### [About this task]
Leave the pictures out and repeat the rest of the data below exactly.
*** Recorded data ***
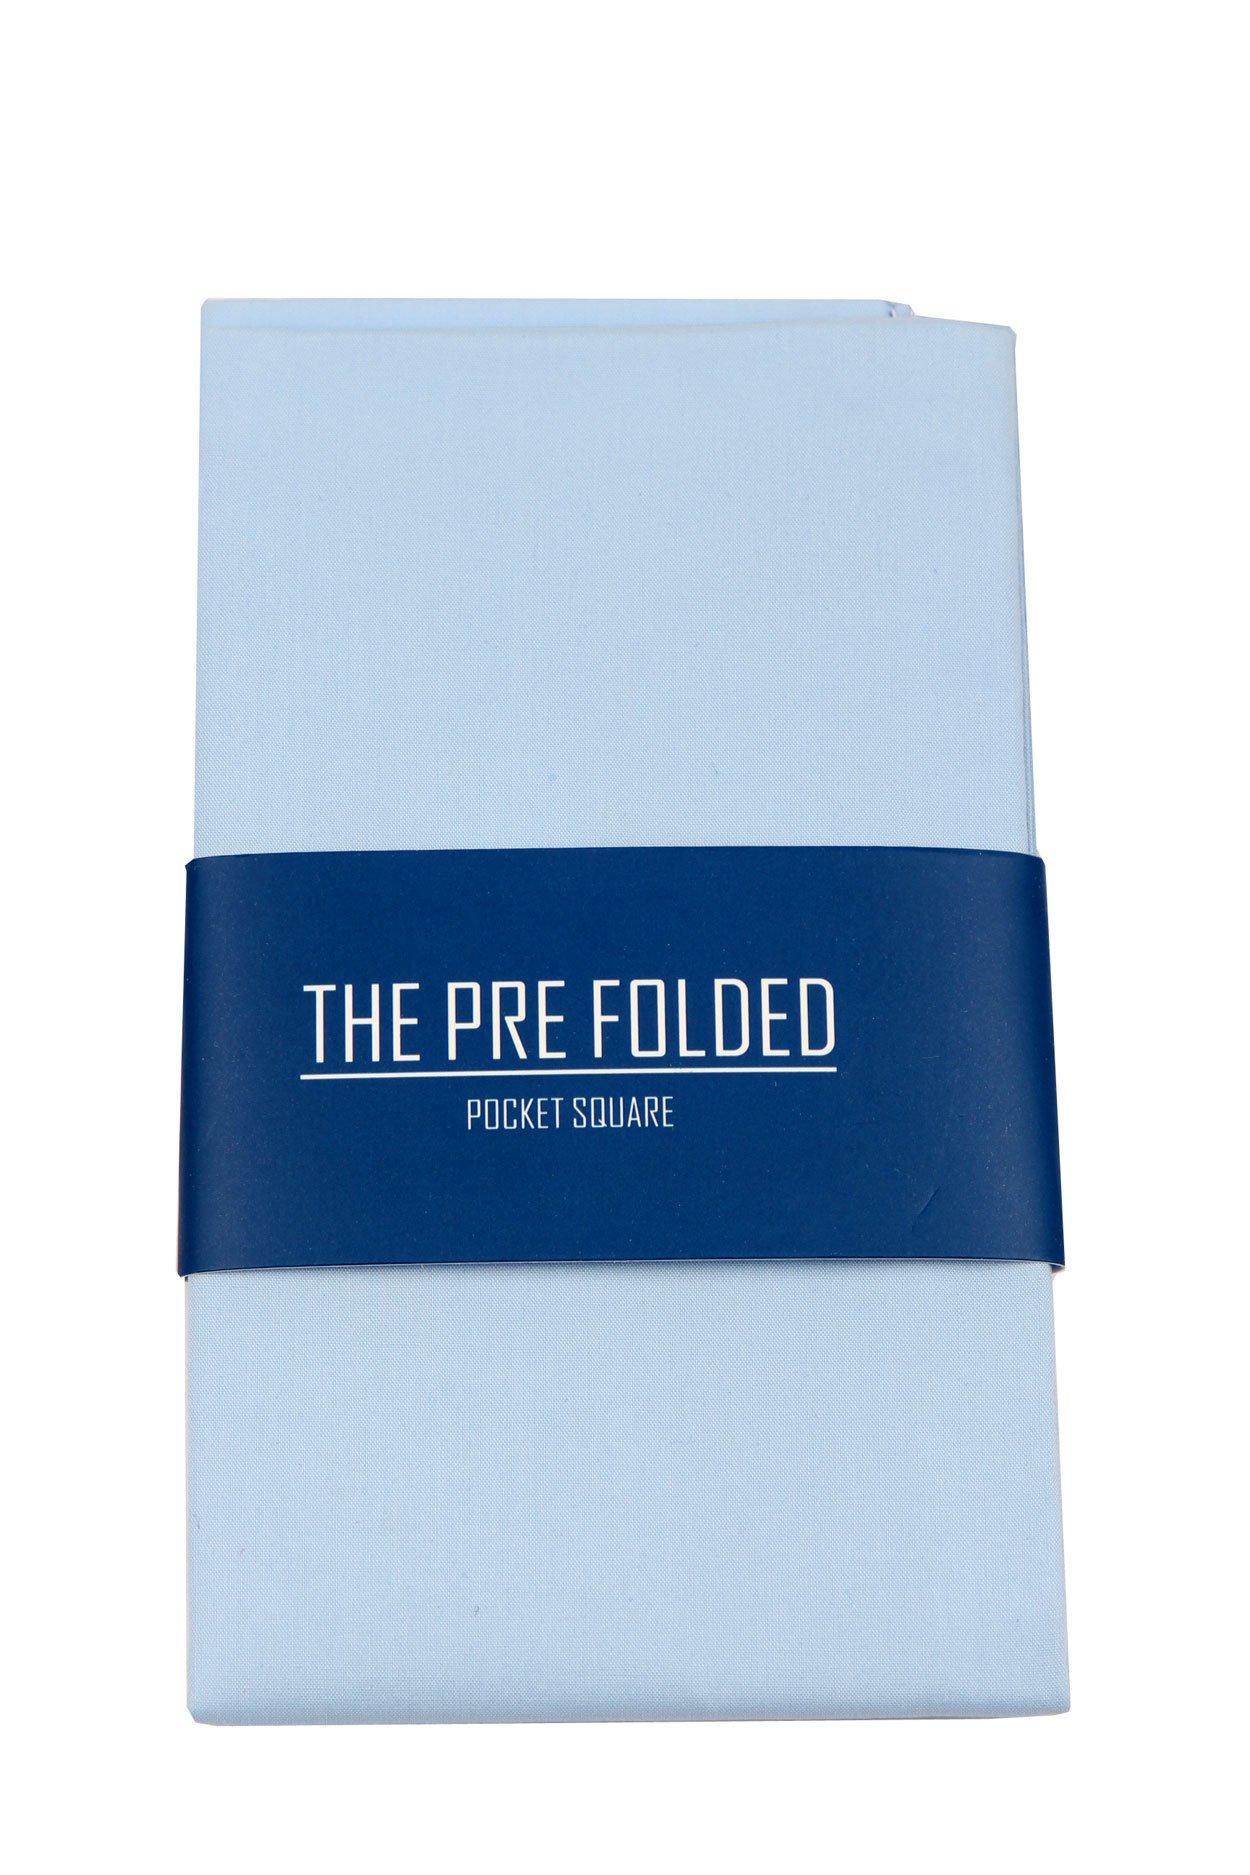 Pre-Folded Fashion Pocket Square Hanky for Men - Solid Dot Paisley Plaid Folded Hankies
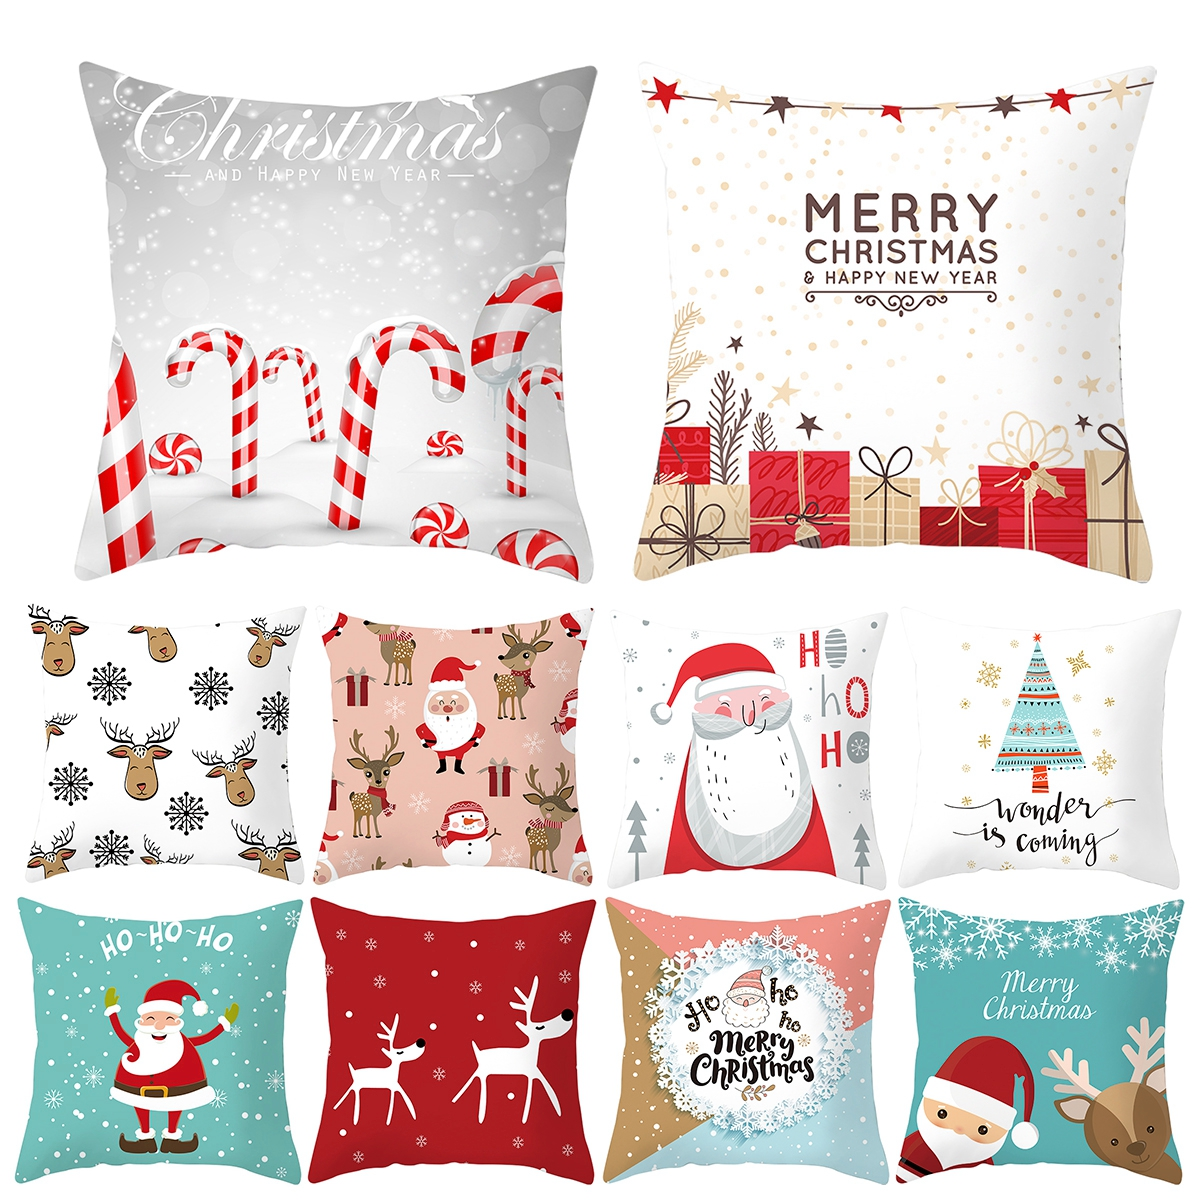 Hb4a78157c0014f45959d98ef2c87f6798 Christmas Pillow Coussin Cartoon Geometric Cushions Case Christmas Home Decorative Cushion For Sofa Xmas DIY Soft hug Pillowcase
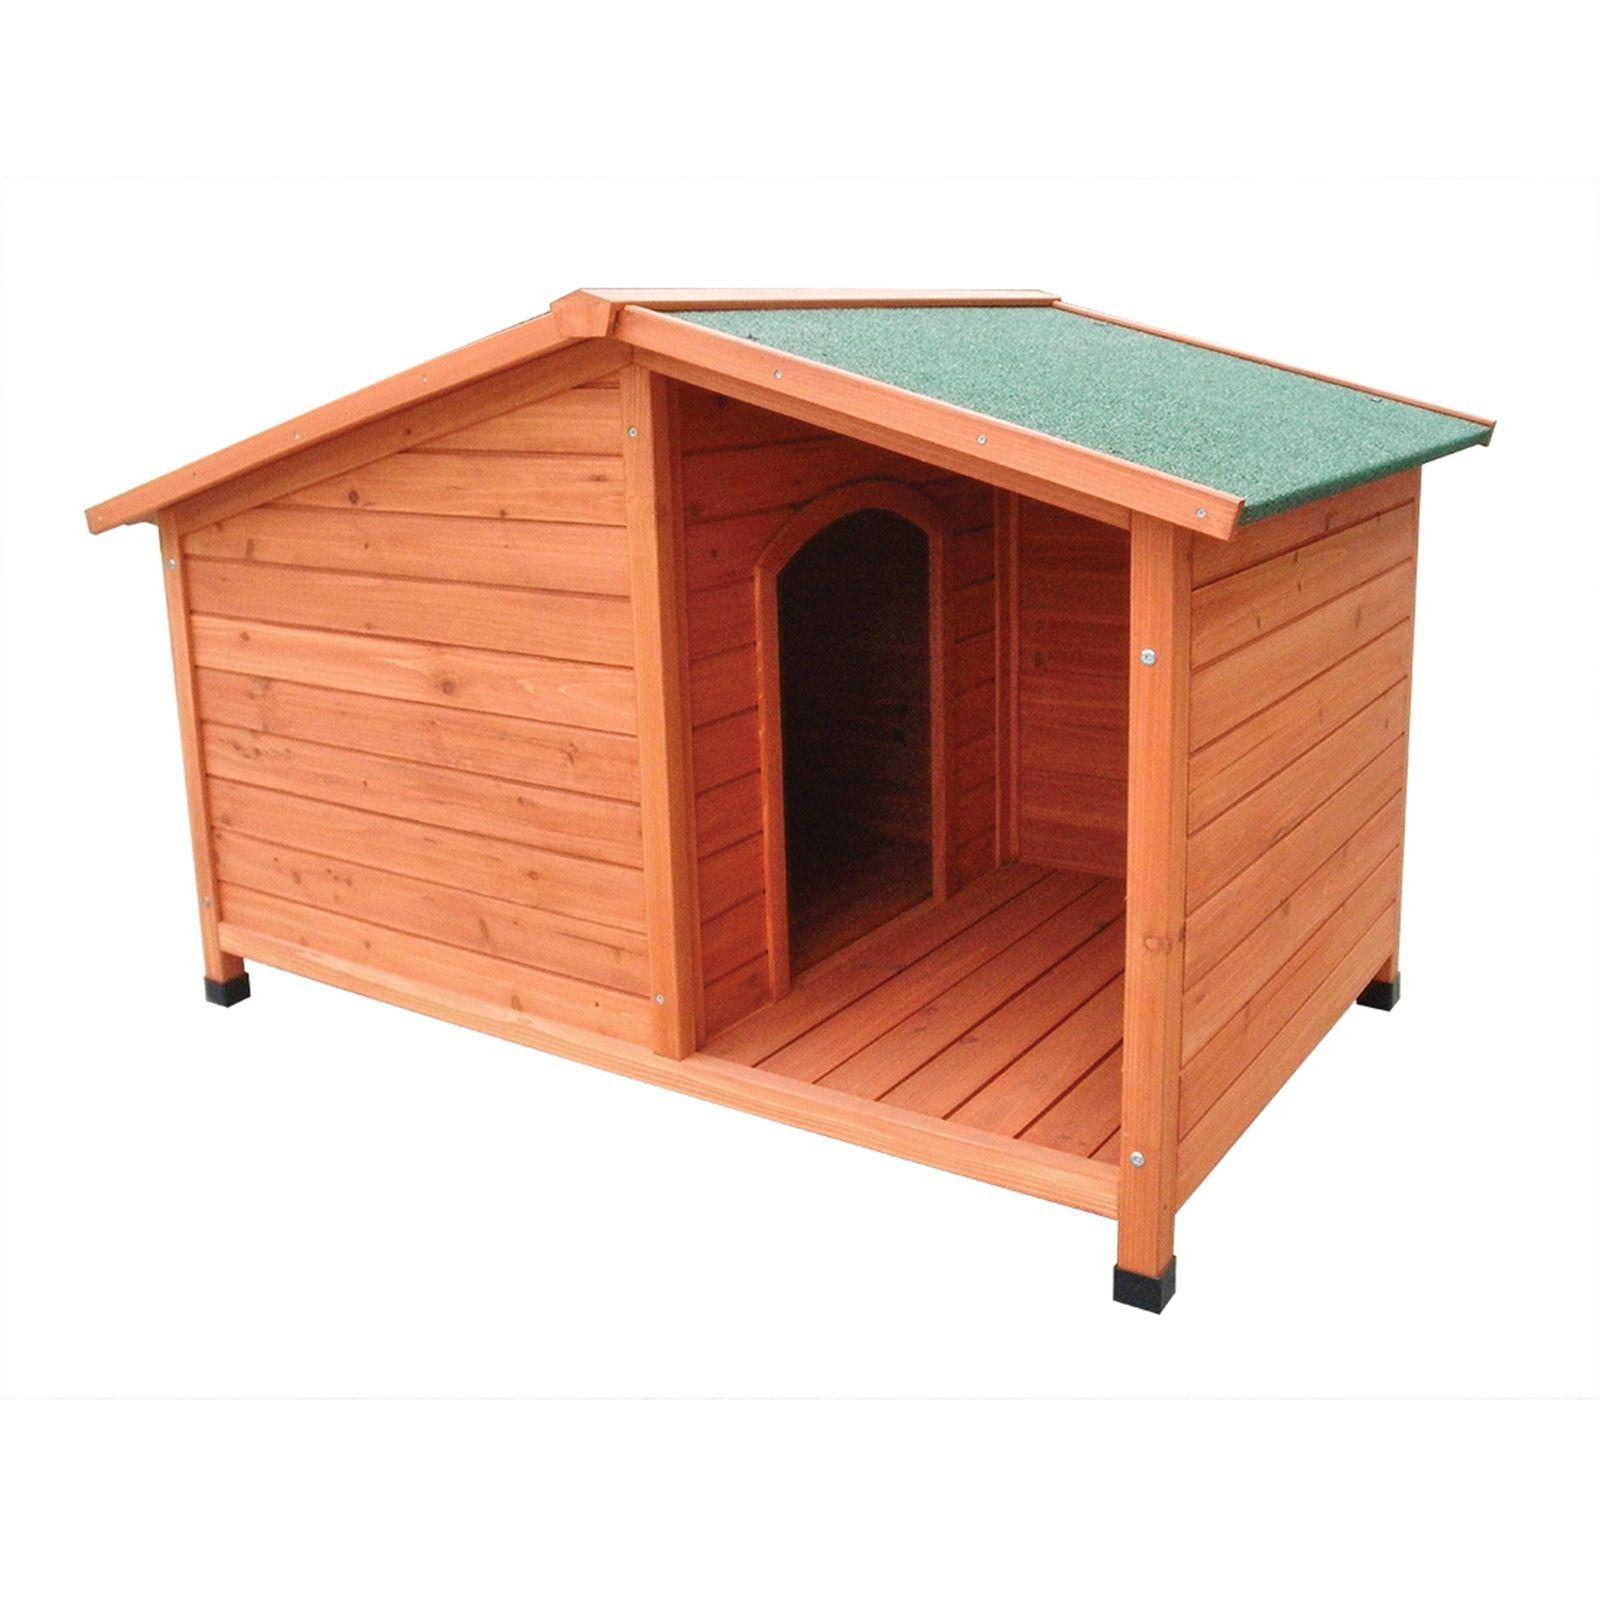 Pinnacle 1360 X 860 X 840mm Medium Villa Dog Kennel Medium Dog
***
### [Response to the exercise]
 Pre-Folded Fashion Pocket Square Hanky for Men - Solid Dot Paisley Plaid Folded Hankies
 Hb4a78157c0014f45959d98ef2c87f6798 Christmas Pillow Coussin Cartoon Geometric Cushions Case Christmas Home Decorative Cushion For Sofa Xmas DIY Soft hug Pillowcase
 Pinnacle 1360 X 860 X 840mm Medium Villa Dog Kennel Medium Dog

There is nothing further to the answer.